* [TASK STATEMENT]
Among the entries below, only the lines from the one with "32 oz Water Bottle" through the one with "due bicchieri da" are to be retyped, exactly and without pictures.

* [RECORDS SHOWN]
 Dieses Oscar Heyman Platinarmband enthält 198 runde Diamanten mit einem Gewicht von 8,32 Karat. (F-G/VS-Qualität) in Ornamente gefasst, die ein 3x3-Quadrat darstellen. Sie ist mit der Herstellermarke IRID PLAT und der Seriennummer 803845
==
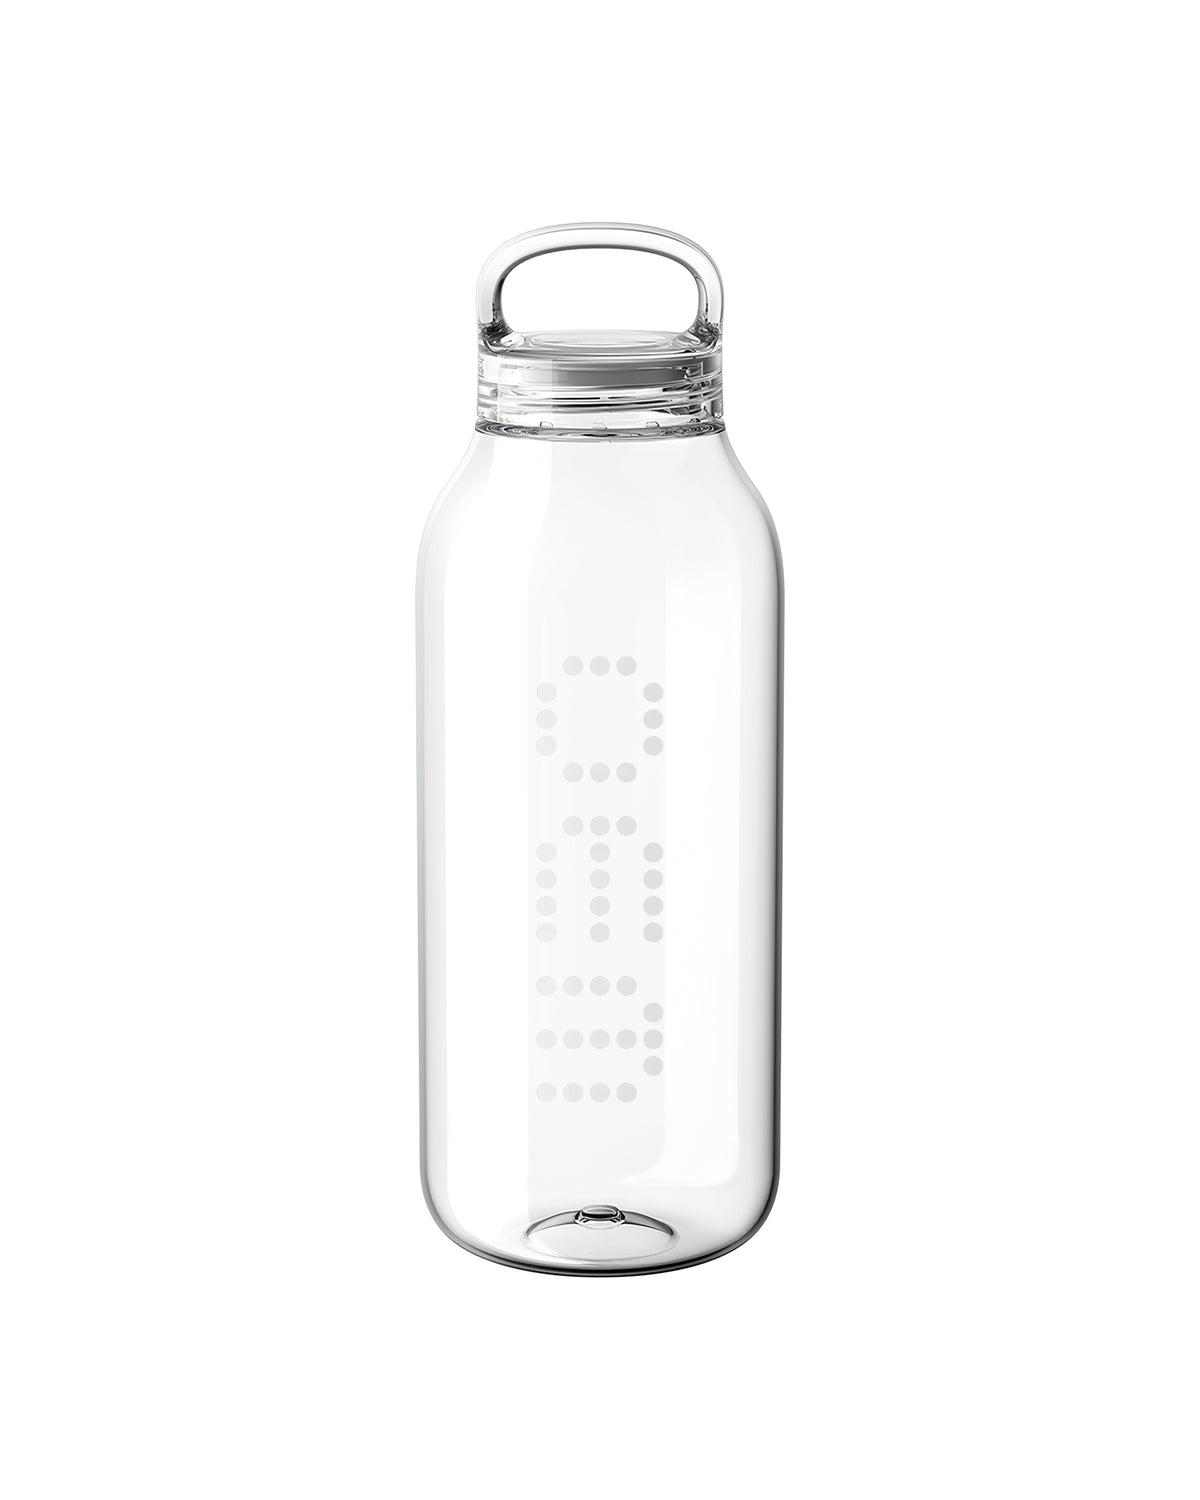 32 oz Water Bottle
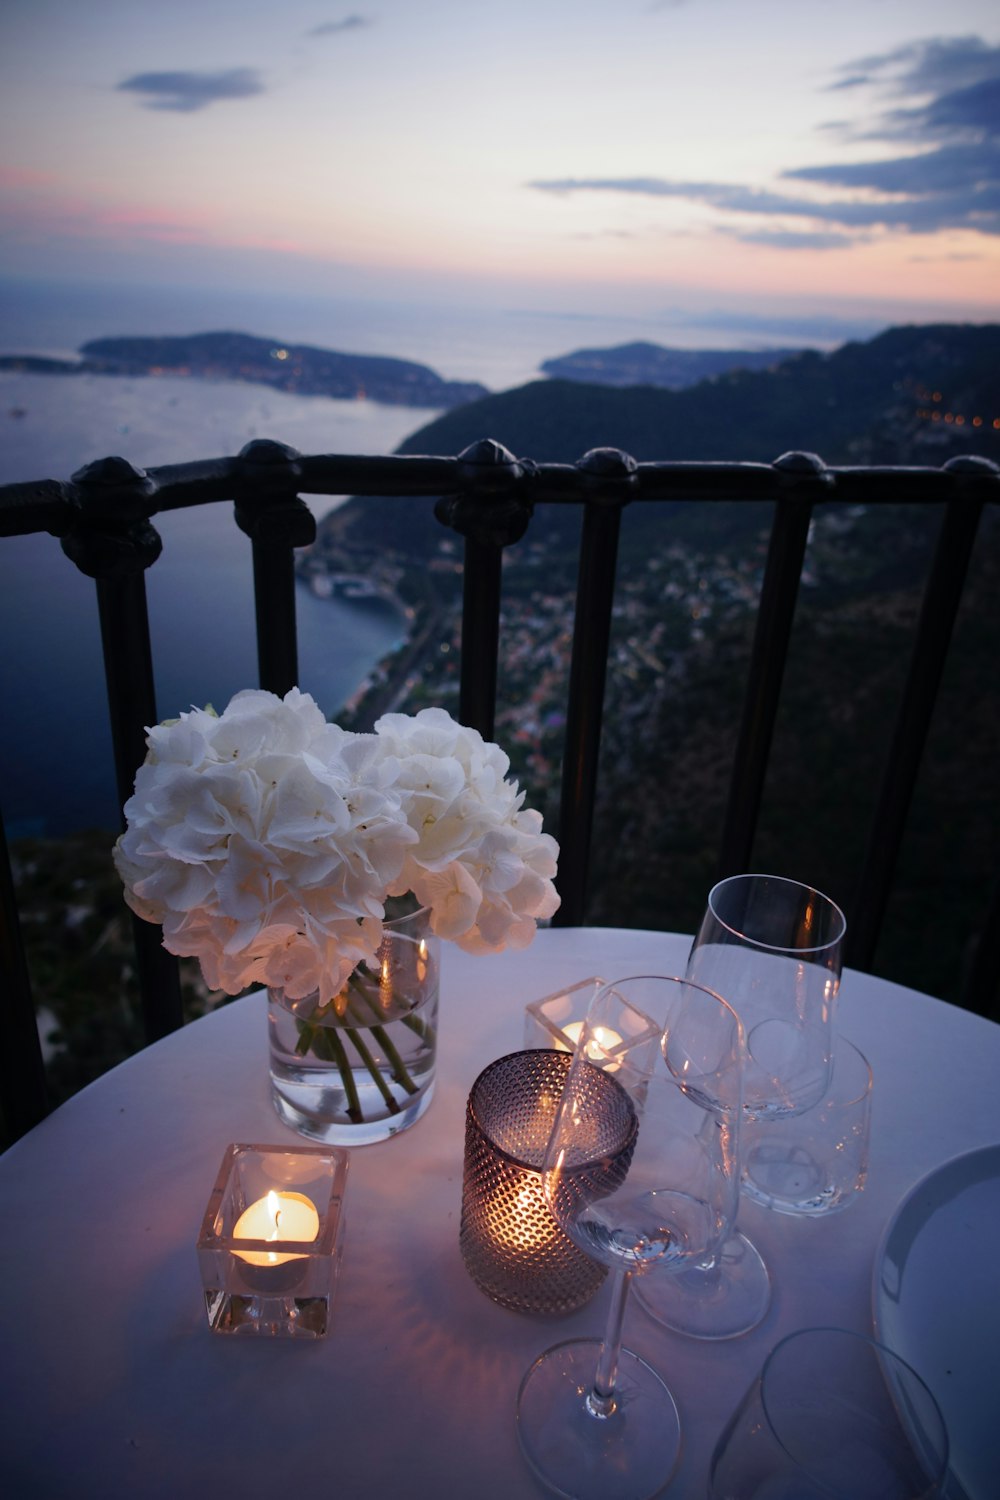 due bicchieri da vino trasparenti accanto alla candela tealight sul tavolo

* [RESPONSE FOR THIS EXERCISE]
 32 oz Water Bottle
 due bicchieri da vino trasparenti accanto alla candela tealight sul tavolo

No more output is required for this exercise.